Two years have passed since the first confirmed case of COVID-19 in Arizona. In a press briefing Wednesday, ASU Biodesign executive director Joshua LaBaer shared lessons learned and mysteries still unresolved.

"In my career as a physician and as a medical researcher, this is the first time that I've ever seen a new disease enter the pantheon of human diseases that has had such an incredibly profound effect on the health of so many people. It's just a staggering effect," he said.

LaBaer said the pandemic underscores the limits of knowledge and the dangers of assumptions.

"Early on, I heard really smart people say, 'Oh, we should just go get it,' when we when we had less than six months of experience with this brand new disease.
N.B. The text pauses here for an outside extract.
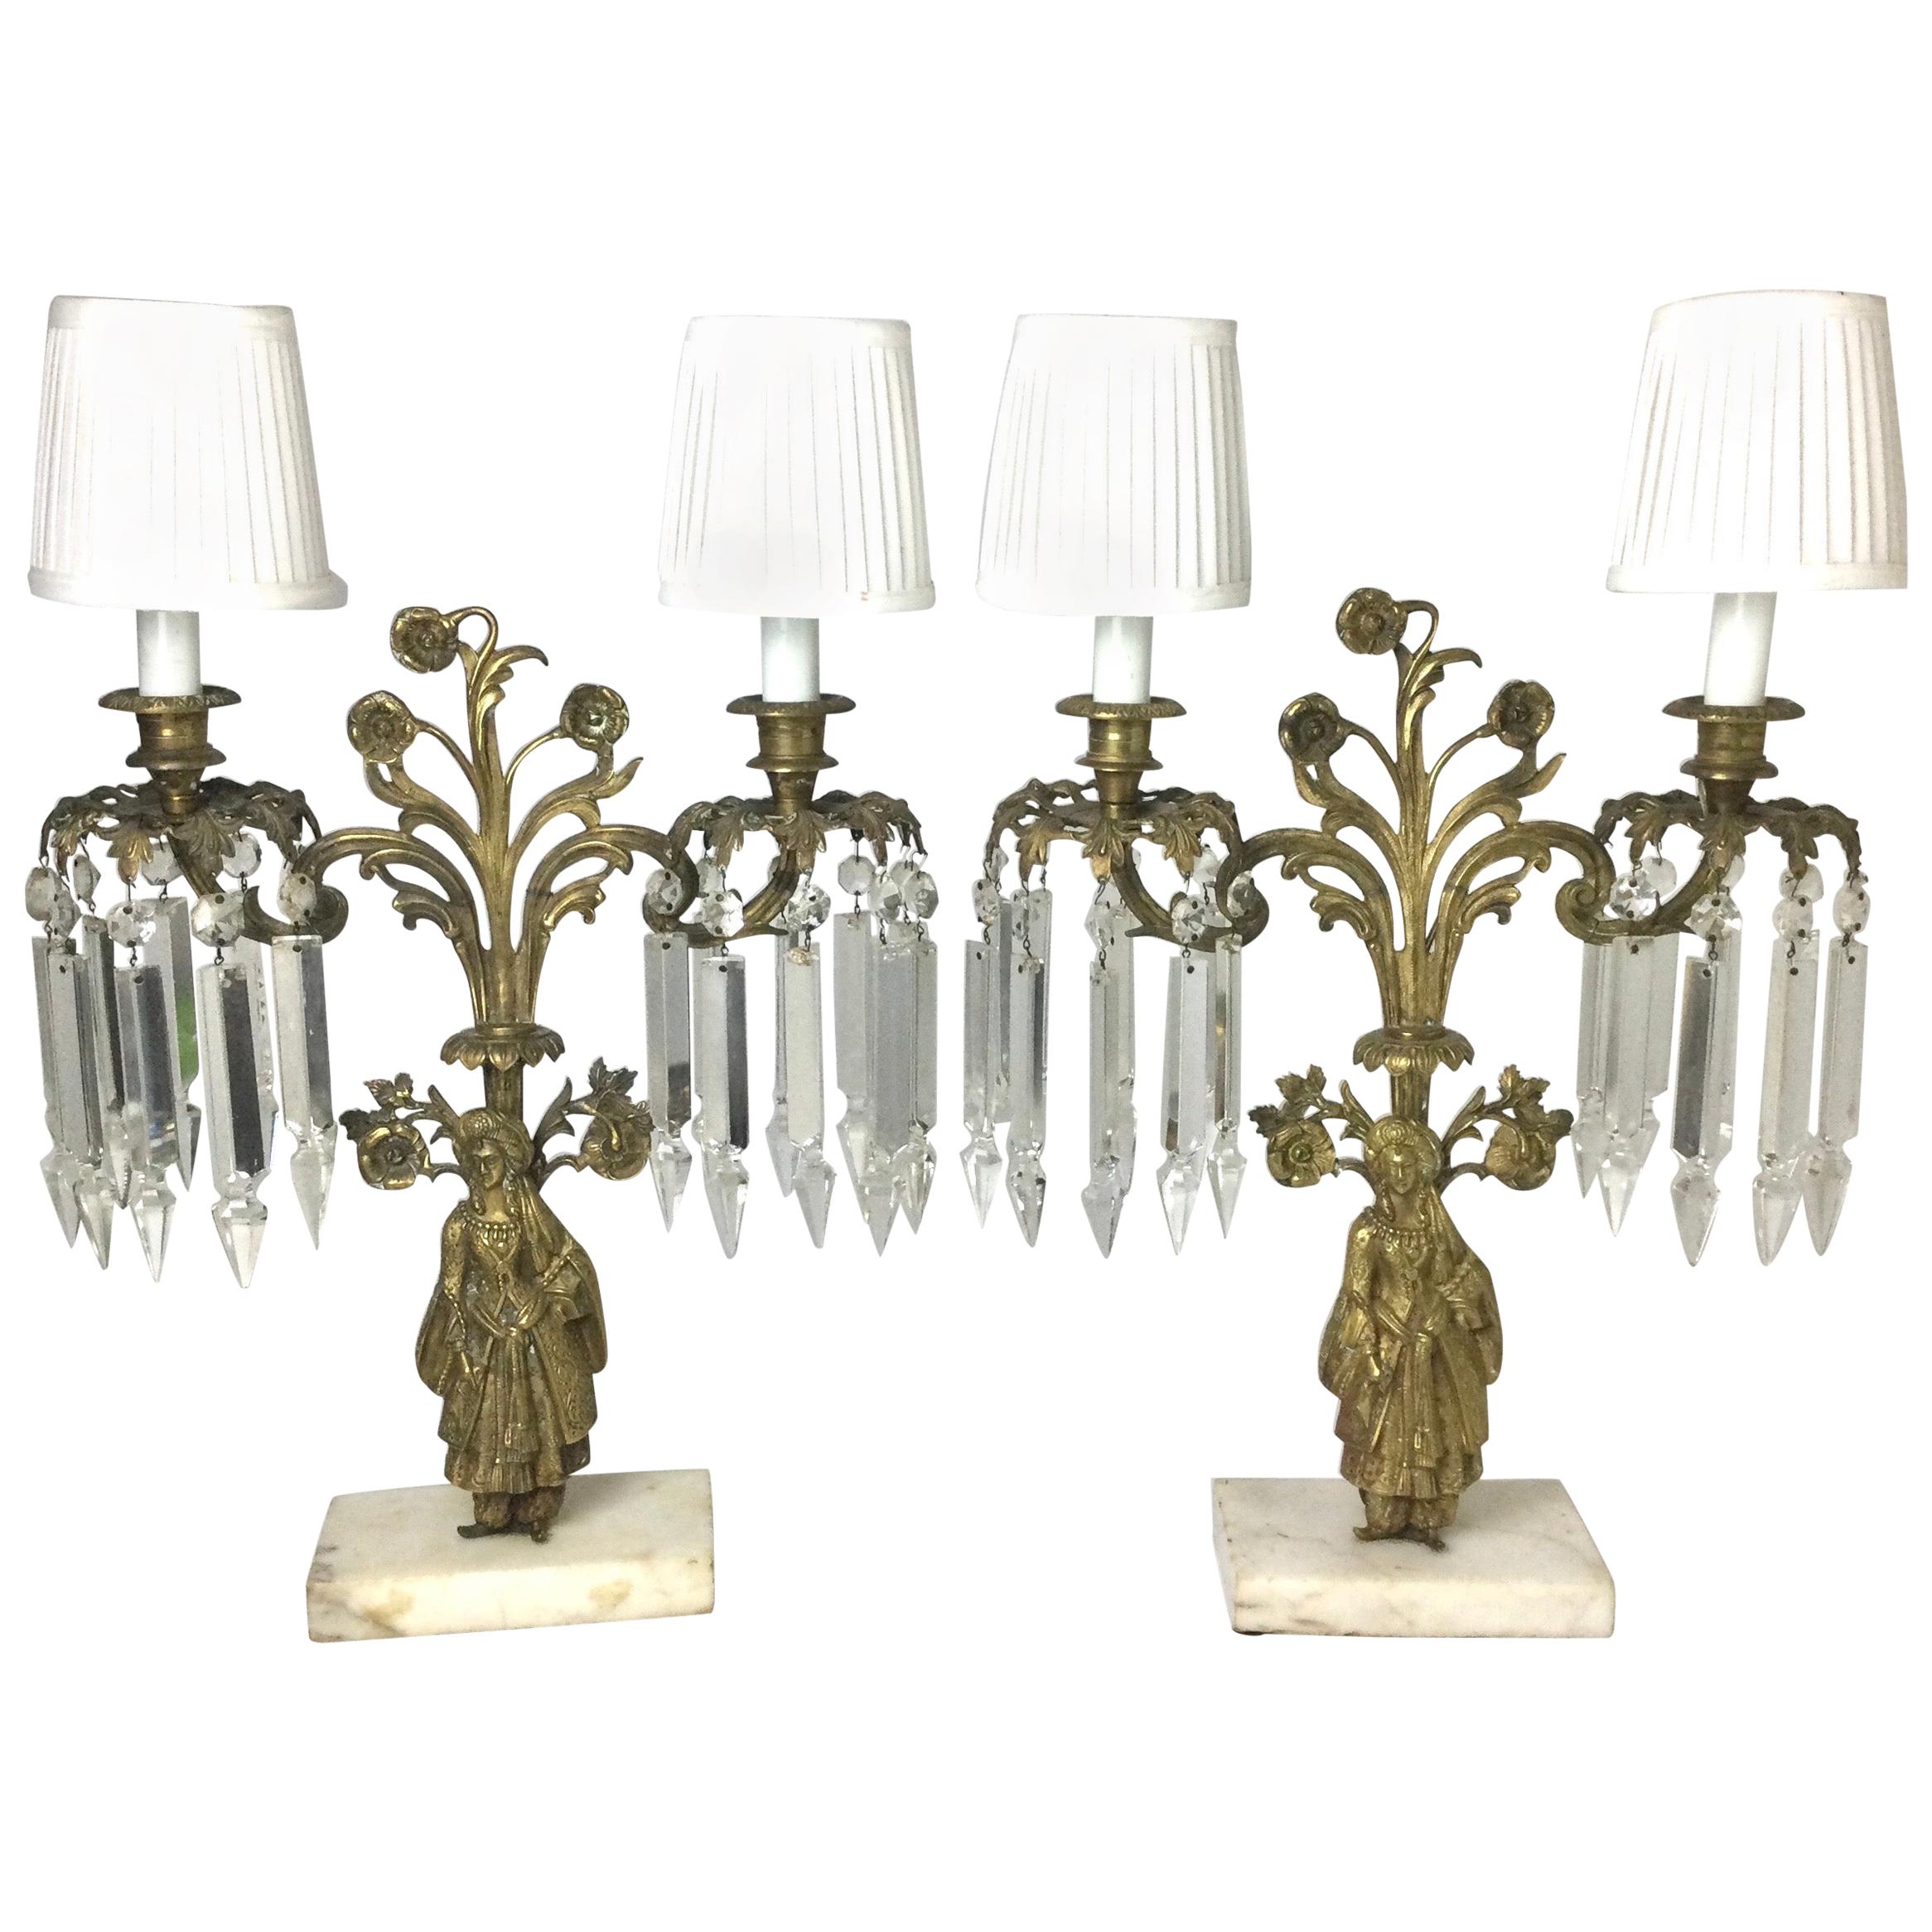 Pair of  Brass Figural Candelabra Lamps with Prisms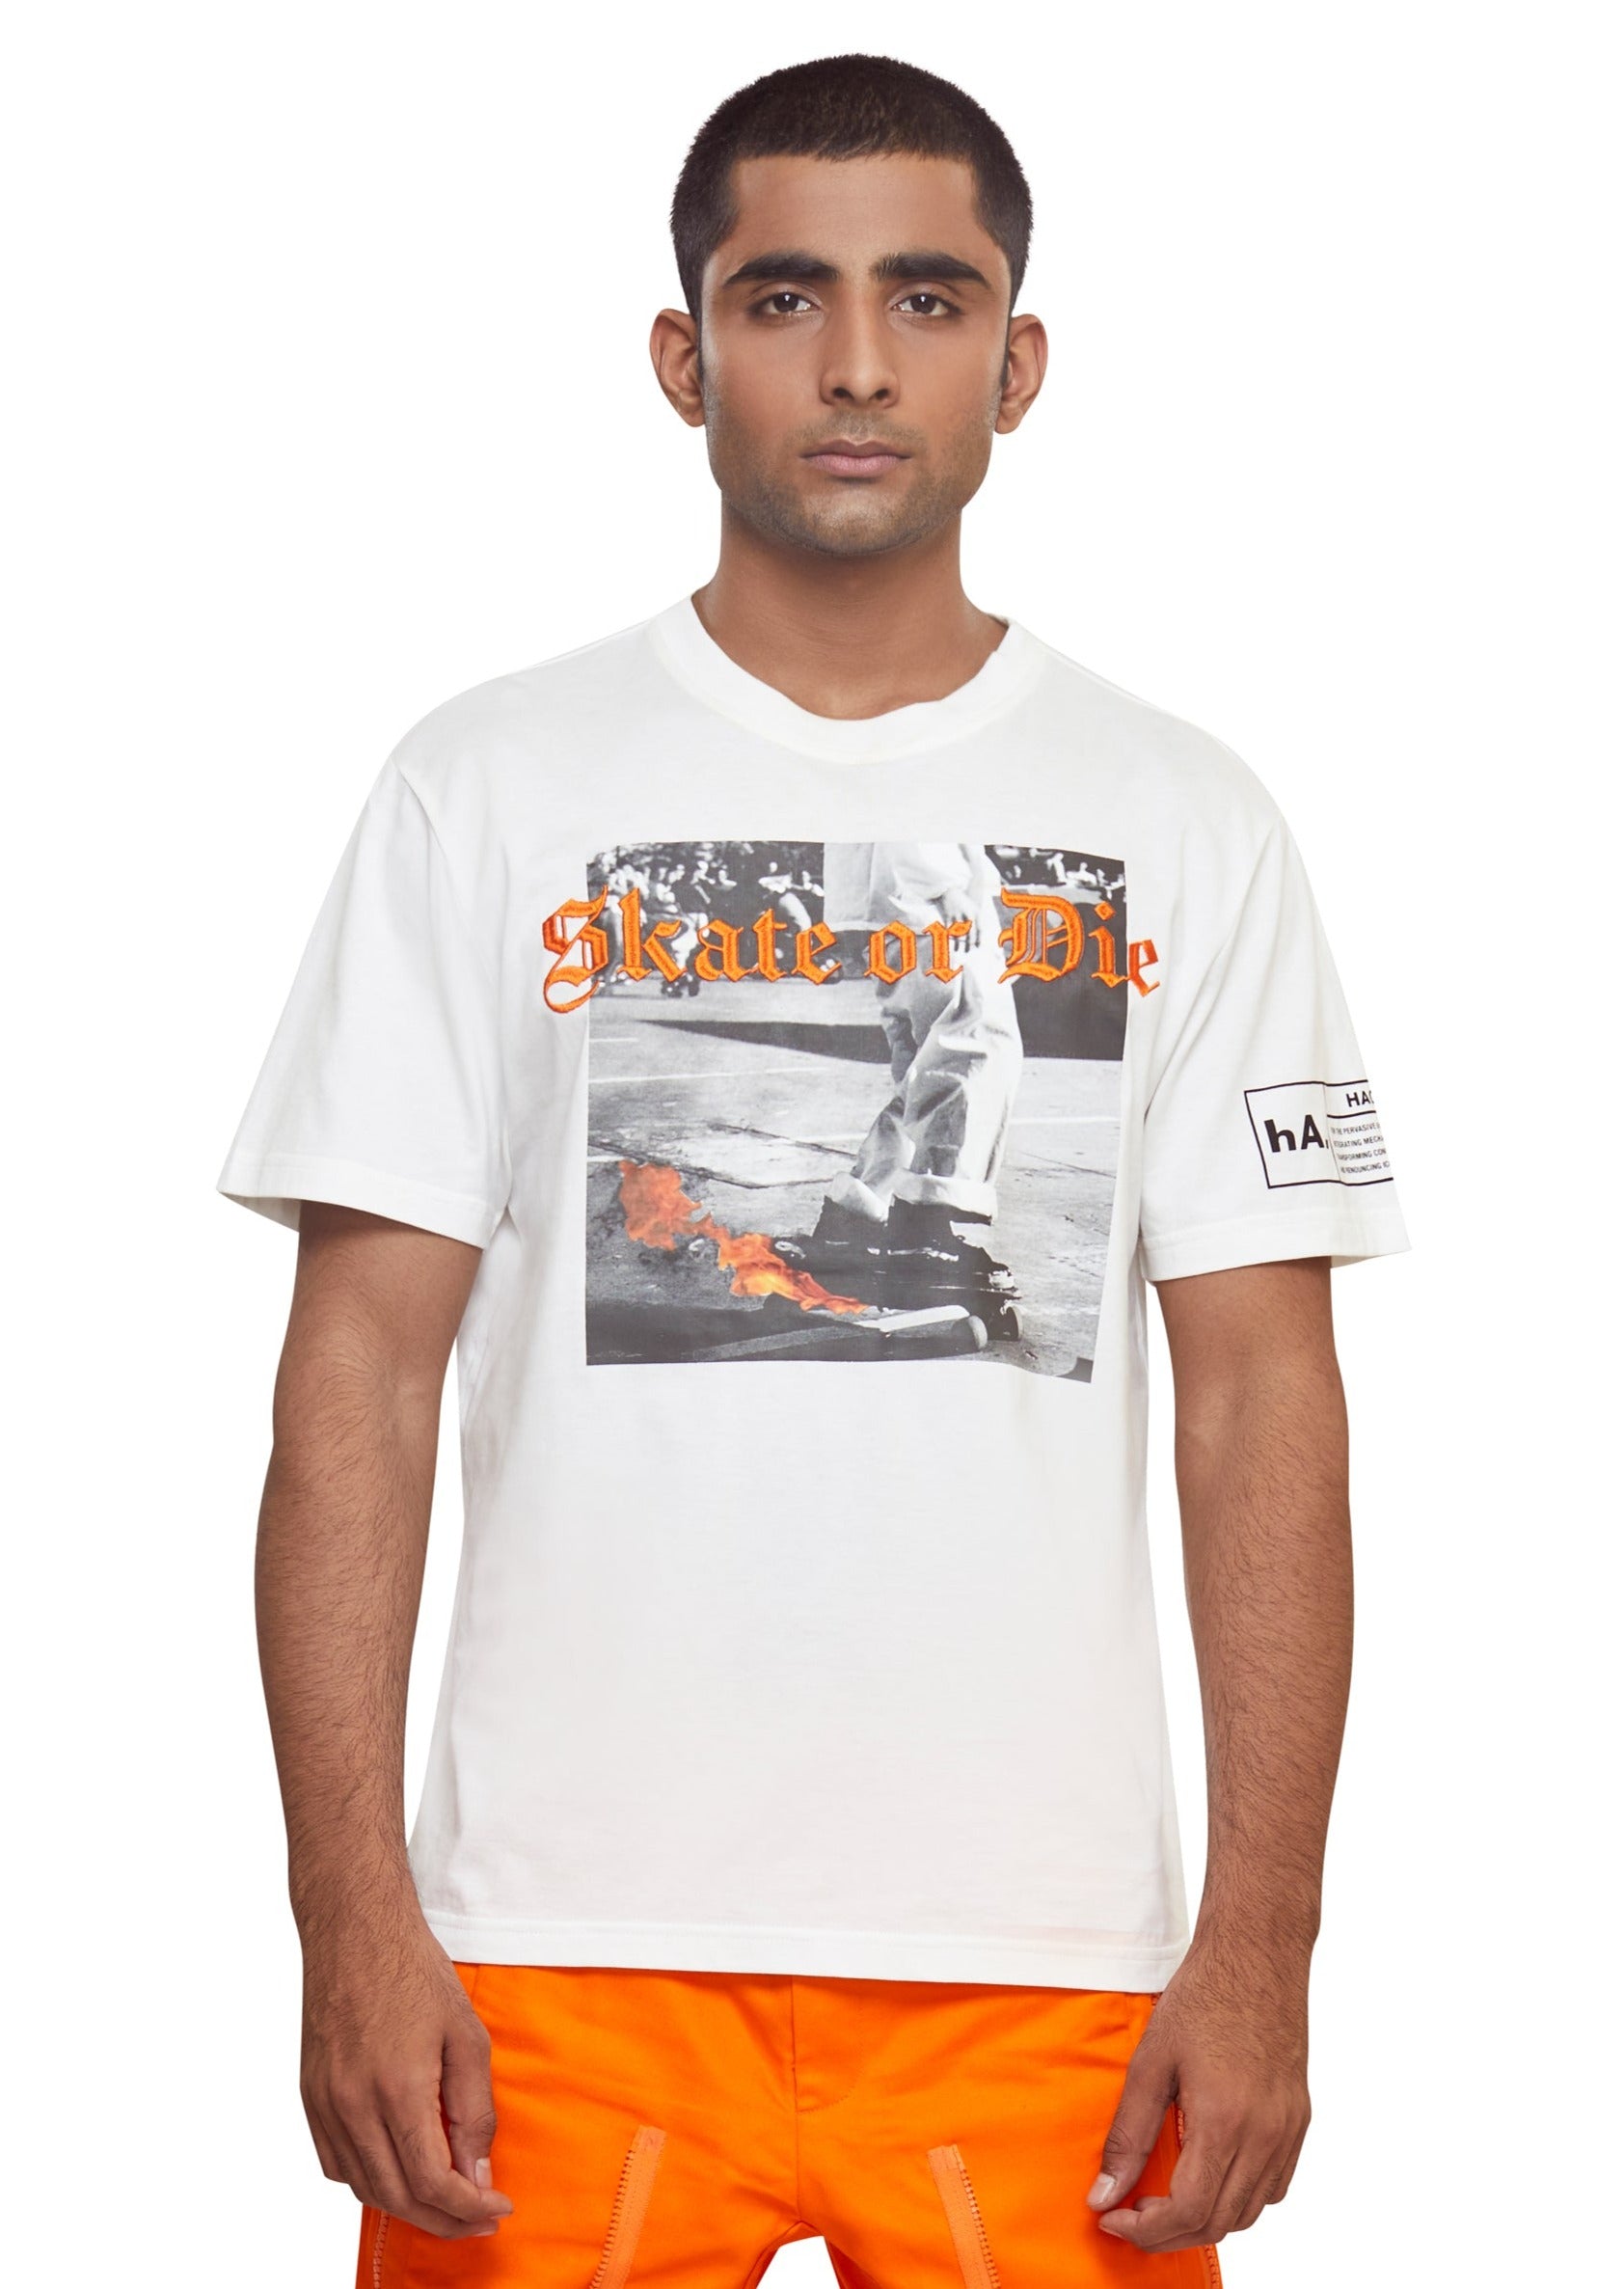 Off-white Cotton "Skate or Die" graphic printed and embroidered T-Shirt from the brand Haculla

Sweden took on this philosophy of just letting people get infected, which turned out to be disastrous," he said.

Citing the rapid development of tests and vaccines, he said, “as a community, we can do great things,” but are limited by difficulties evaluating risk and reaching consensus and by biology’s relentless capacity to mutate and make variants like omicron.

"The fact that we've gone through multiple variants of this virus, and each of those variants has had a slightly different effect and different behavior, means that it's very hard to put a pin on something and say, 'This is what we can expect,'" said LaBaer.

ASU virologist Efrem Lim says that’s why continued surveillance is so vital.

“Because, once we catch these things, we can always update our tests, update our vaccines and treatments and so forth,” he said.

ASU has so far detected 29 cases of the BA-2 omicron variant in Arizona, compared to 7,000 cases of vanilla BA-1 omicron. Sometimes called “stealth omicron” due to a mutation that lets it escape detection by older tests. BA-2 is detectable by newer tests and by the whole-genome sequencing done at ASU and elsewhere.

BA-2 has not taken off like its sister variant, but Lim says that could change, especially since experts don’t know the effects of its 30 unique mutations. 

“The reason why we are tracking that though is, in other parts of the world, for example, in Denmark, they are seeing BA-2 climbing up and competing with the BA-1 variant. But clearly we're not seeing that right now,” said Lim.